Held: 1. Yes, The civil law concept of delay or default commences from the time the obligor demands, judicially or extrajudicially, the fulfillment of the obligation from the obligee. In legal parlance, demand is the assertion of a legal or procedural right. Thus, DPCC became in default on October 29, 2003 when CCP informed it in writing of the breach of the contract agreement and demanded the fulfillment of its obligation against the bonds.

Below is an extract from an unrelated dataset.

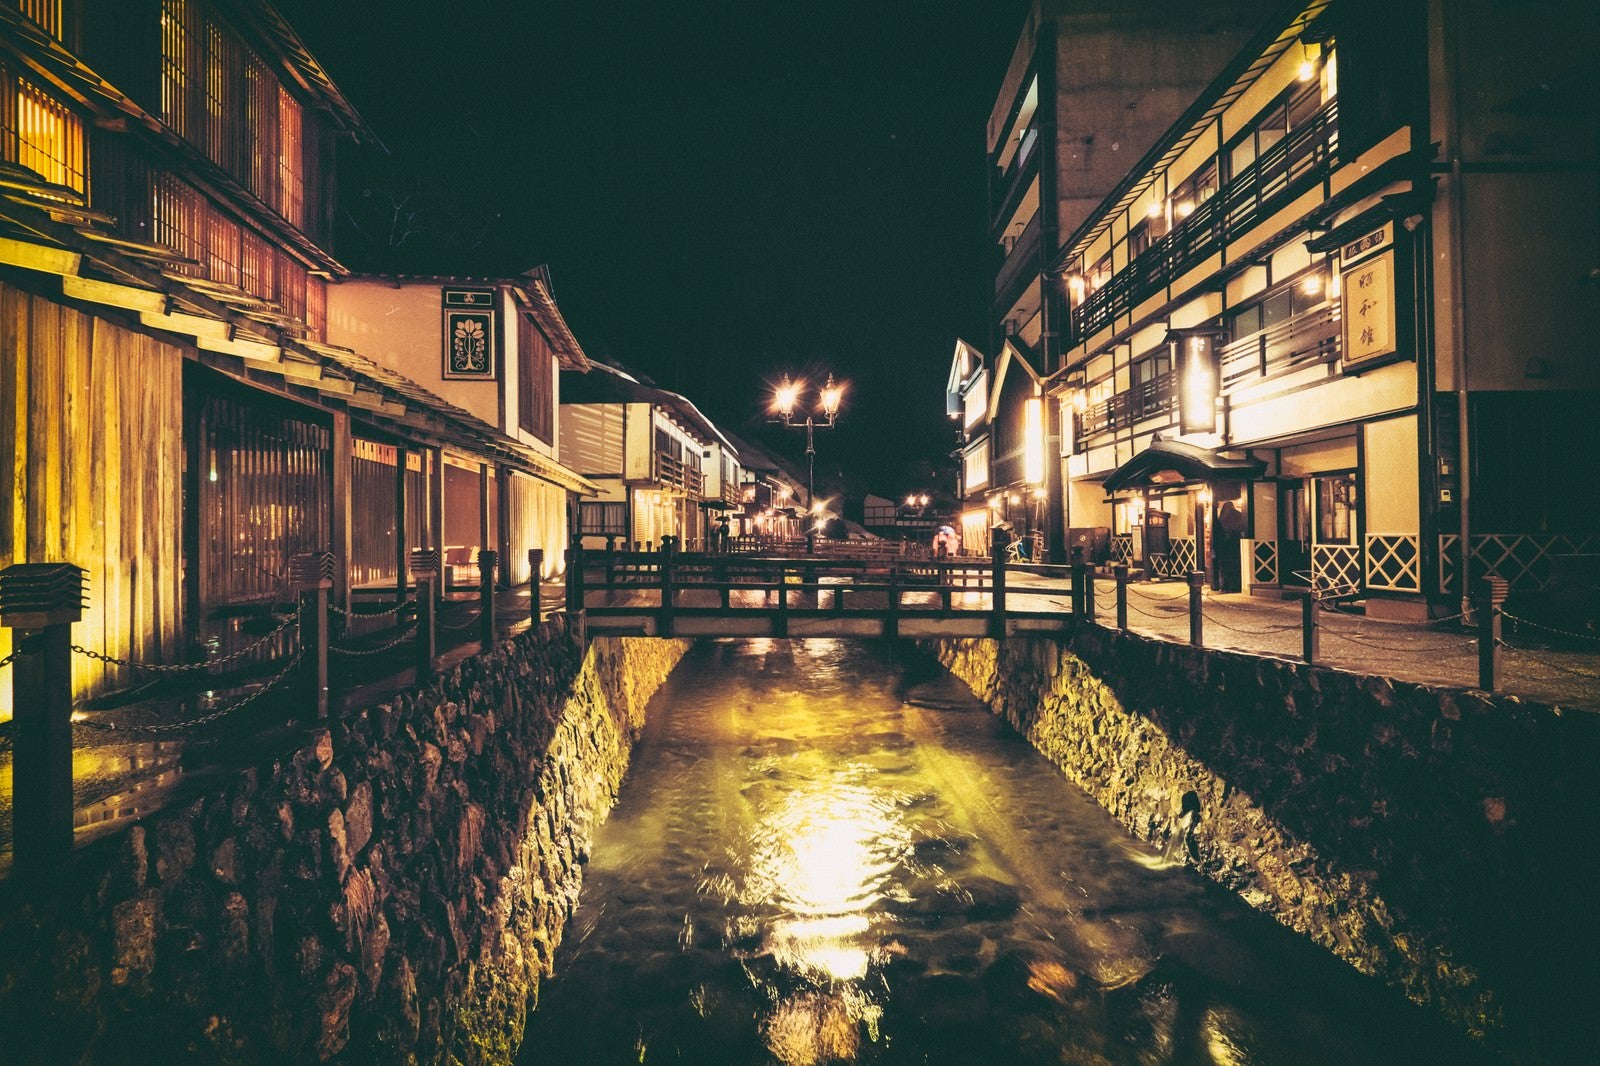 「銀山温泉街と中央に流れる銀山川（夜間）」の写真

2. Yes. A surety under Article 2047 of the New Civil Code solidarily binds itself with the principal debtor to assure the fulfillment of the obligation. As provided in Article 2047, the surety undertakes to be bound solidarily with the principal obligor. That undertaking makes a surety agreement an ancillary contract as it presupposes the existence of a principal contract. Although the contract of a surety is in essence secondary only to a valid principal obligation, the surety becomes liable for the debt or duty of another although it possesses no direct or personal interest over the obligations nor does it receive any benefit therefrom. The suretys obligation is not an original and direct one for the performance of his own act, but merely accessory or collateral to the obligation contracted by the principal. Nevertheless, although the contract of a surety is in essence secondary only to a valid principal obligation, his liability to the creditor or promisee of the principal is said to be direct, primary and absolute; in other words, he is directly and equally bound with the principal. Suretyship, in essence, contains two types of relationship the principal relationship between the obligee and the obligor , and the accessory surety relationship between the principal and the surety. In this arrangement, the obligee accepts the suretys solidary undertaking to pay if the obligor does not pay. Such acceptance, however, does not change in any material way the obligees relationship with the principal obligor. Neither does it make the surety an active party to the principal obligeeobligor relationship. Thus, the acceptance does not give the surety the right to intervene in the principal contract. The suretys role arises only upon the obligors default, at which time, it can be directly held liable by the obligee for payment as a solidary obligor.